Monday, March 9, 2009

Duty of Minister/Missionary

I (Kevin) am in a class called Personal Transformation. It has been an amazing class, full of learning. We are currently reading a book about the anatomy of the brain and how its design for relationships is what spurs transformation.

This has great implications for ministers and missionaries. We have three brains that process data, and though they are interconnected, they work autonomously as well. While our culture often praises the Neo-cortex for its cognitive ability, it is the limbic brain that actually forms long-lasting transformation through emotional understanding.

What does this mean? It means for ministers that we can preach doctrine (statements) until we are blue in the face, but without the positive emotional attachment (please do not read emotionalism) to faith, doctrine has very little impact. That means the minister and missionary must share life in relationship with the people they minister to. Our limbic brains formulate emotional bonds almost telepathically, and these emotional bonds, while influenced by doctrine (statements) are formed through relationship.

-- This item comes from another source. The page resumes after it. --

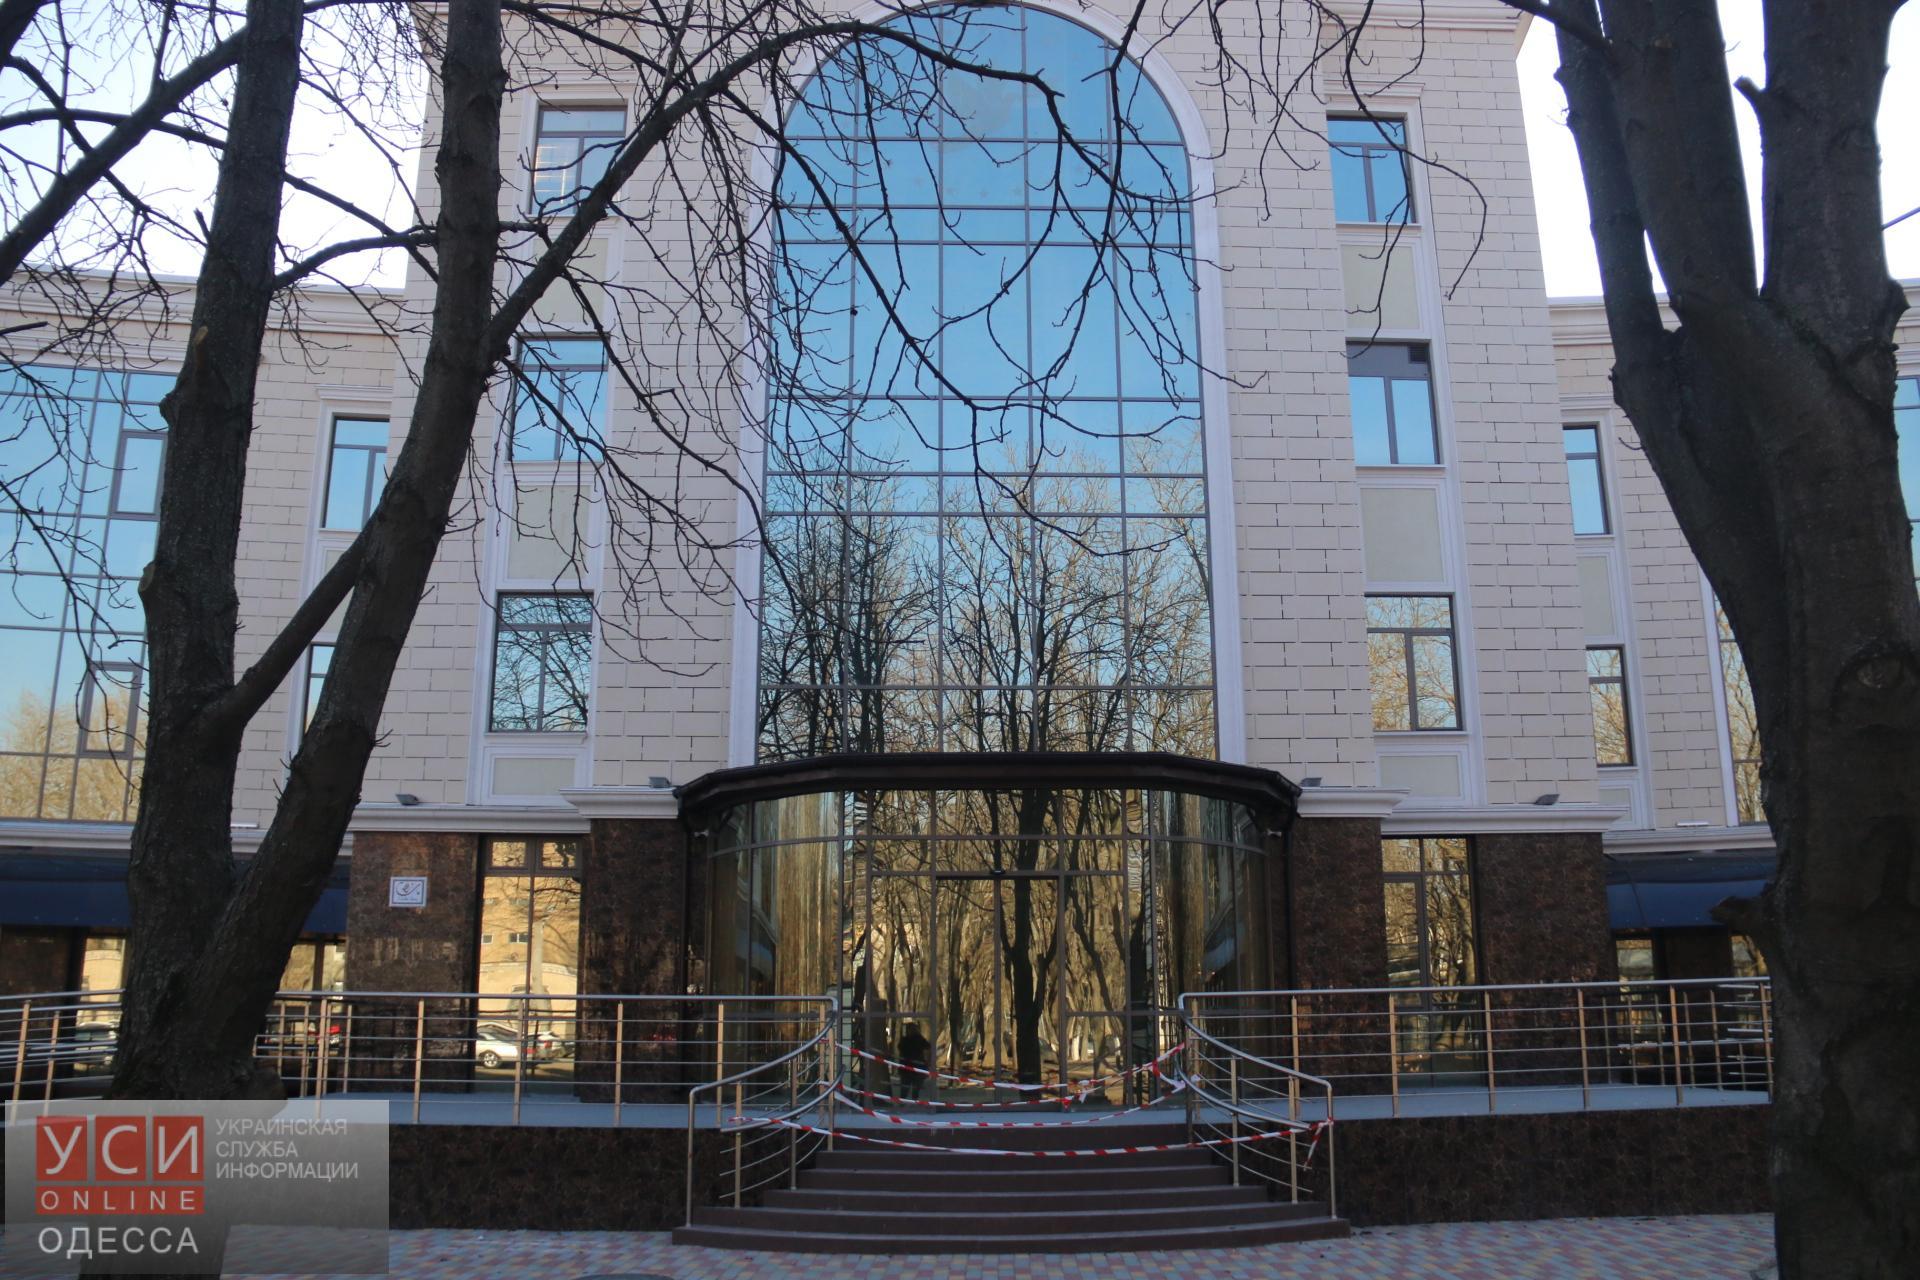 Забота по-мэрски: за пять месяцев Труханов так и не запустил больницу скорой помощи в работу

The book talks about the "therapist" as one who must enter into the sphere of the patient, that it is limbic restructuring that provides emotional healing. This model works for formal therapy or for ministry. The minister/missionary must be willing to enter into life with the one being ministered to. This in evitably means that the minister/missionary will be the one ministered to as well, because there will be a mutual limbic exchange.

We learned through an anthropological exercise while I was in Portland, that positive limbic resonance cannot happen where superiority is involved. An easy example is ministering to (read "with") a homeless person, while not as a homeless person. Superiority makes it easy to minister to a homeless person, but horrible to be ministered to BY a homeless person. However eliminating this dichotomy and entering into a learning relationship allows then for actual, mutual ministry to take place.

When we take a look over our scripture we find God who makes statements (10 Commandments) but really enters into a transformative process with the people. He walks with Adam and Eve; he speaks directly to the Patriarchs; he comes as a cloud and pillar of fire to the wandering Israelites; he is encapsulated in the arc of the covenant. God makes himself known through the prophets and the angels.

In the New Testament God appeals to the limbic brains he created in us by becoming human, actually walking with us, not in a method of superiority, but in service. While we like to think of Jesus as the suffering servant, he allowed himself to be ministered to also. There was a mutual exchange limbically. He then left us the Spirit, who has relationship with us not in such an imperical knowledge (5 senses), but we can recognize the Spirit by our trust and experience.

Christ also gave us the equipped disciples to be physical representations of him. They made disciples and so forth and so on. We are part of the limbic resonance that effects transformation within our Christian community and without.

If the Church is to be an effective body effecting transformation, and a superiority complex effects limbic resonance between people, how then must the church view itself?